In a practical sense, no. The change in conductivity due to ocean acidification and increasing H+ concentrations would be insignificant compared to the conductivity of seawater due to all the dissolved salts that are already in the ocean...and therefore there is no need to worry that oceanic salinity measurements would start to be wrong.

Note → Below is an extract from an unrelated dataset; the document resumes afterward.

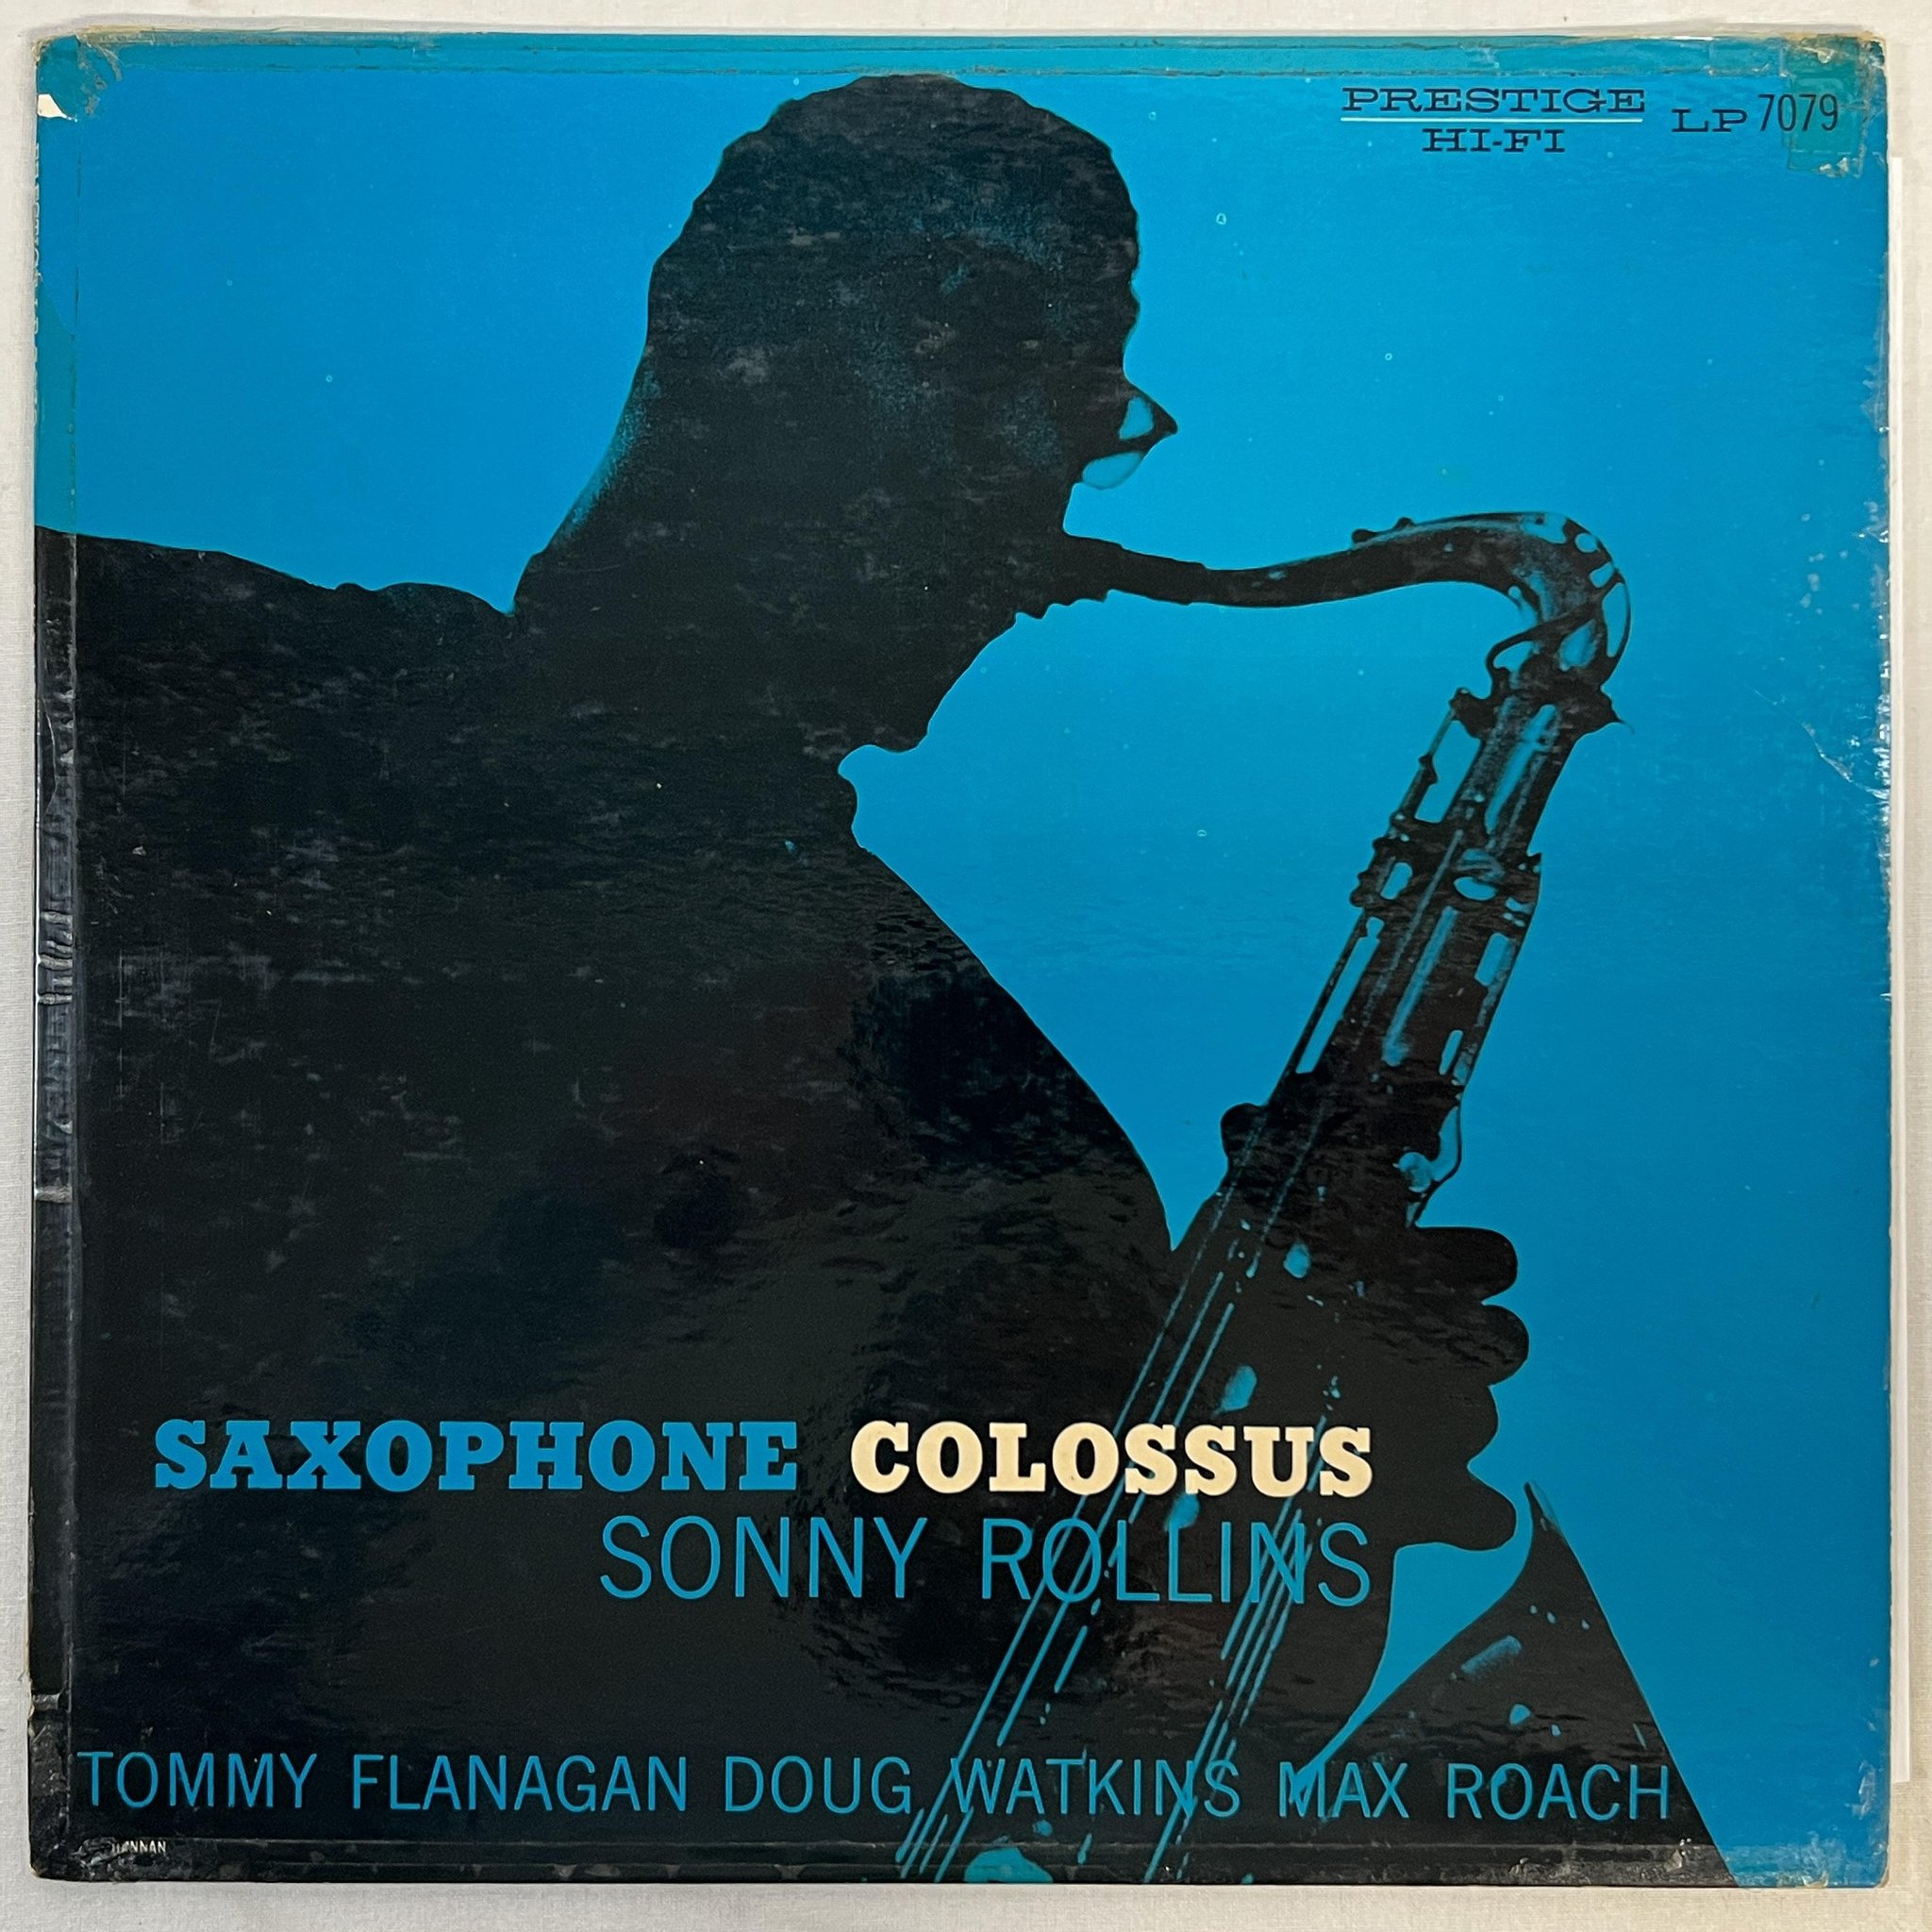 Omslagsbild för skivan SONNY ROLLINS FOUR saxophone colossus LP -57 US PRESTIGE PRLP 7079 ** R A R E **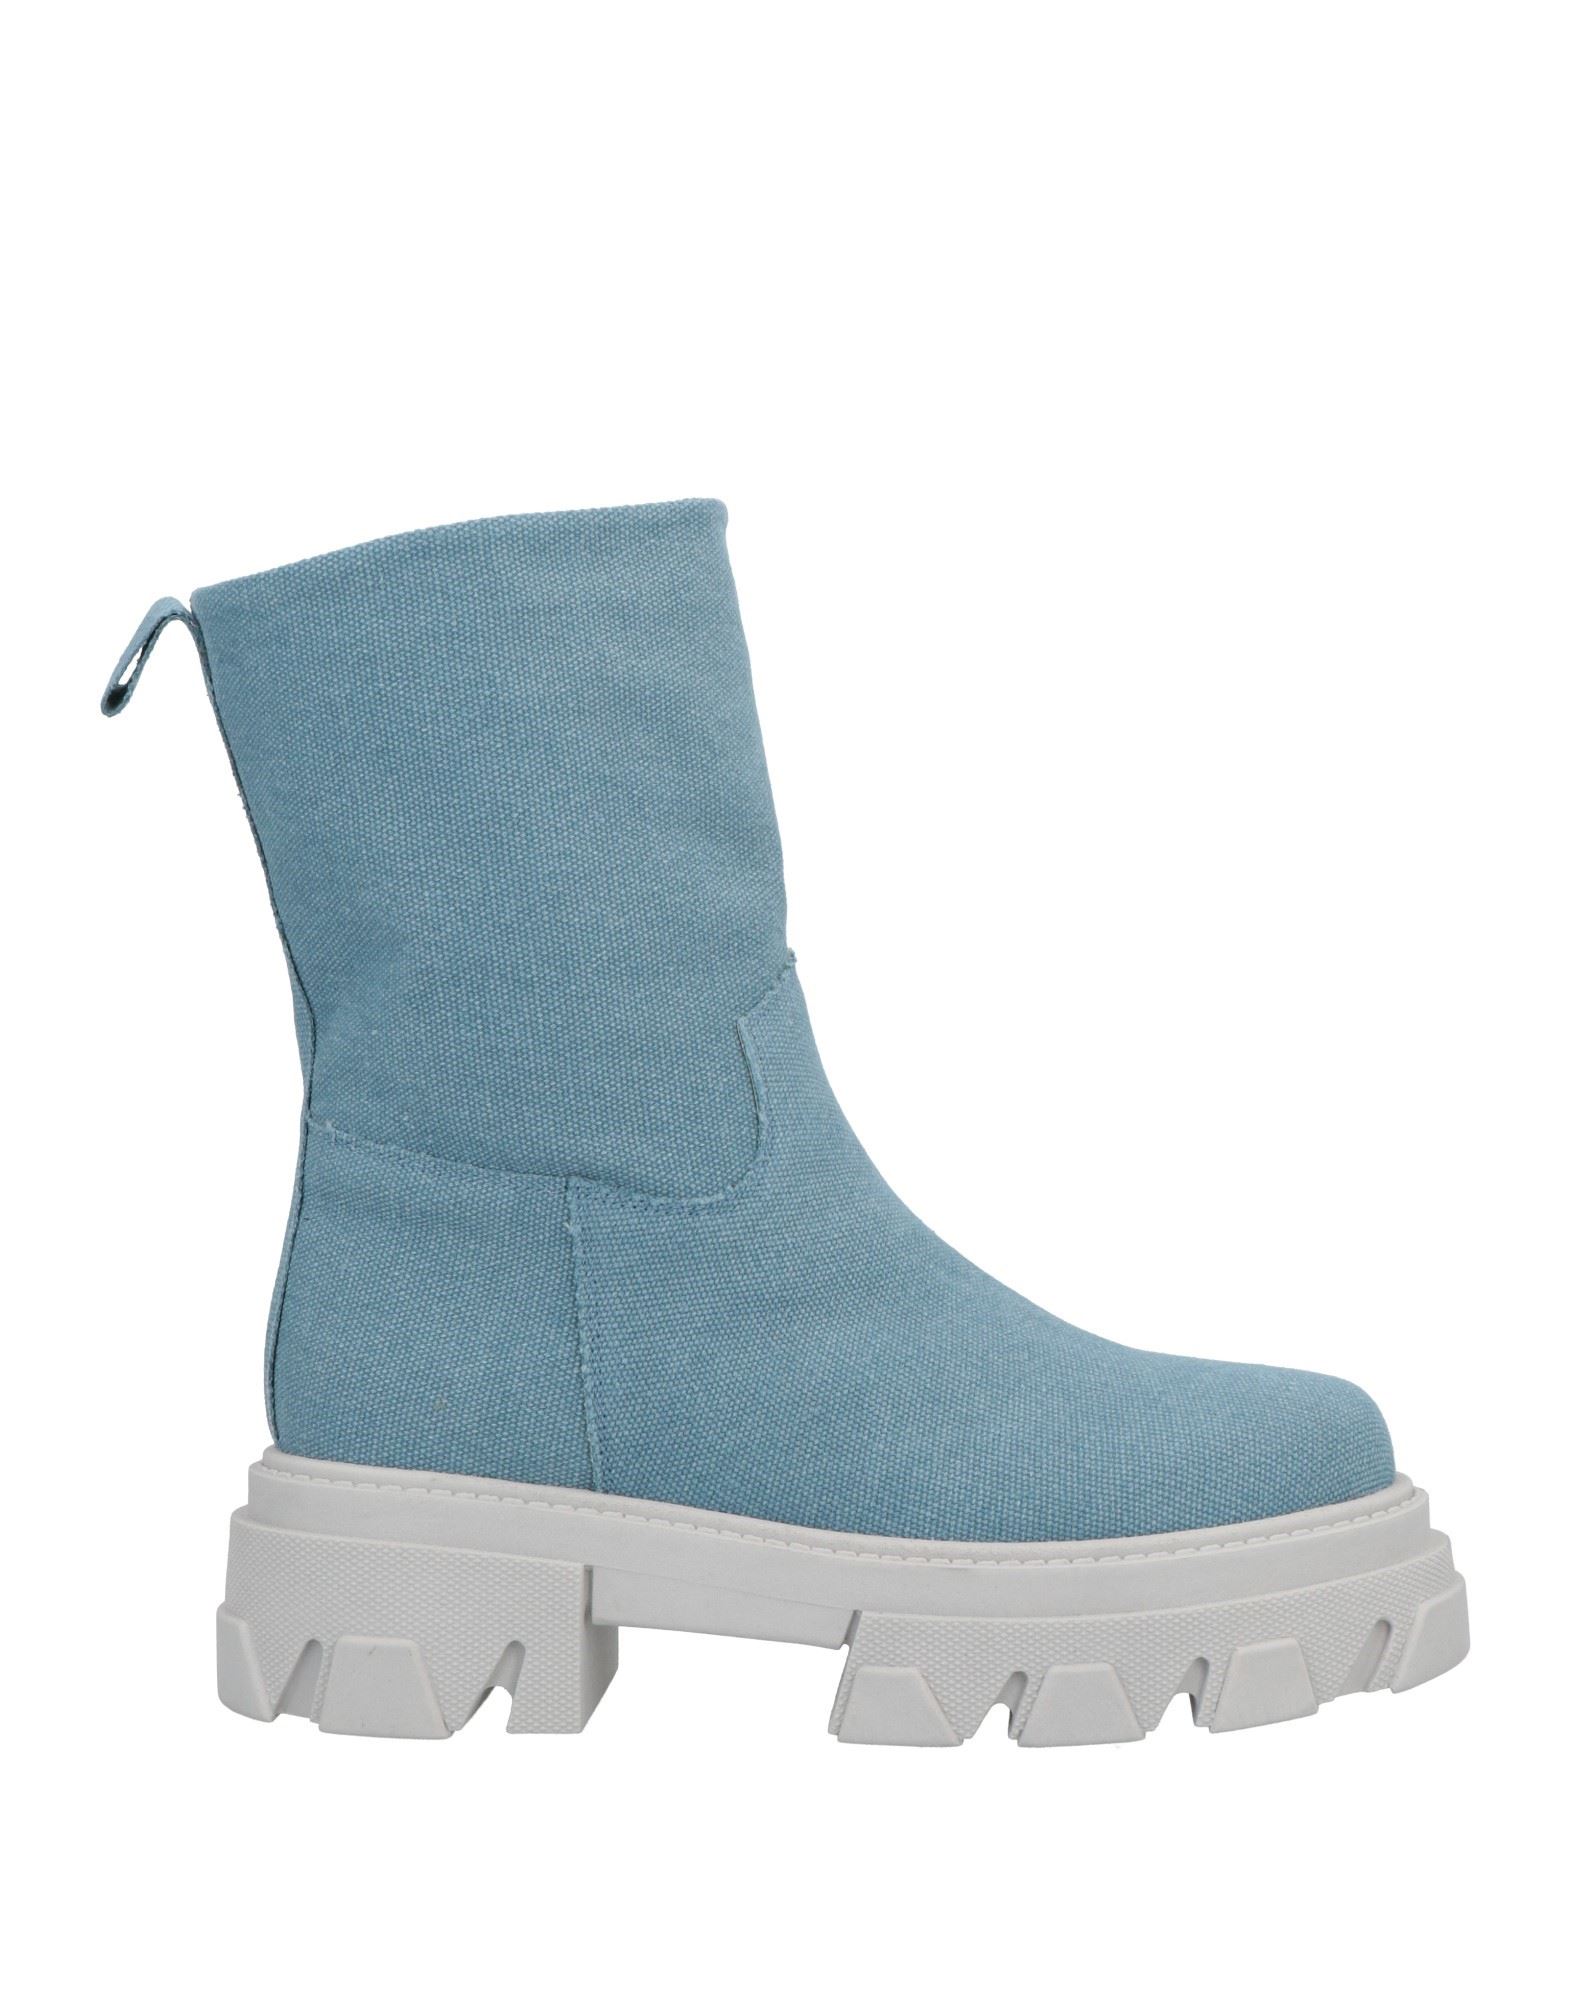 Shop Unlace Woman Ankle Boots Sky Blue Size 7 Textile Fibers

Here's my rationale: The concentration of H+ in the oceans is 6.3 x 10-9 mol/L at a pH of 8.2. If there were catastrophic acidification and the pH decreased to 7.0, the concentration of H+ would be 1 x 10-7 mol/L. [Note that I am not suggesting that the ocean's pH would get that low anytime soon, just using it as an example.] Even though that is a ~15x increase in the concentration of H+, the concentration of H+ is still minuscule compared to other ions in seawater. For example, the most abundant cation in the ocean is Na+, which has a concentration of roughly 4.7 x 10-4 mol/L. Note that this is more than 3 orders of magnitude greater than the concentration of H+ in a super-acidified ocean (and doesn't even consider the contributions to conductivity of all the other ions in seawater).
2) I suppose that ocean acidification could, theoretically, change the solubility for certain salts or might increase the chemical weathering/dissolution of certain rock types that would then change the ratio of salts in seawater. As a first guess (literally, a guess), I wouldn't expect either of the things I mentioned to change the ratio of different salts by significant amount given the predicted levels of acidification and the huge volume of the ocean. Maybe a marine geochemist will show up to provide a better answer.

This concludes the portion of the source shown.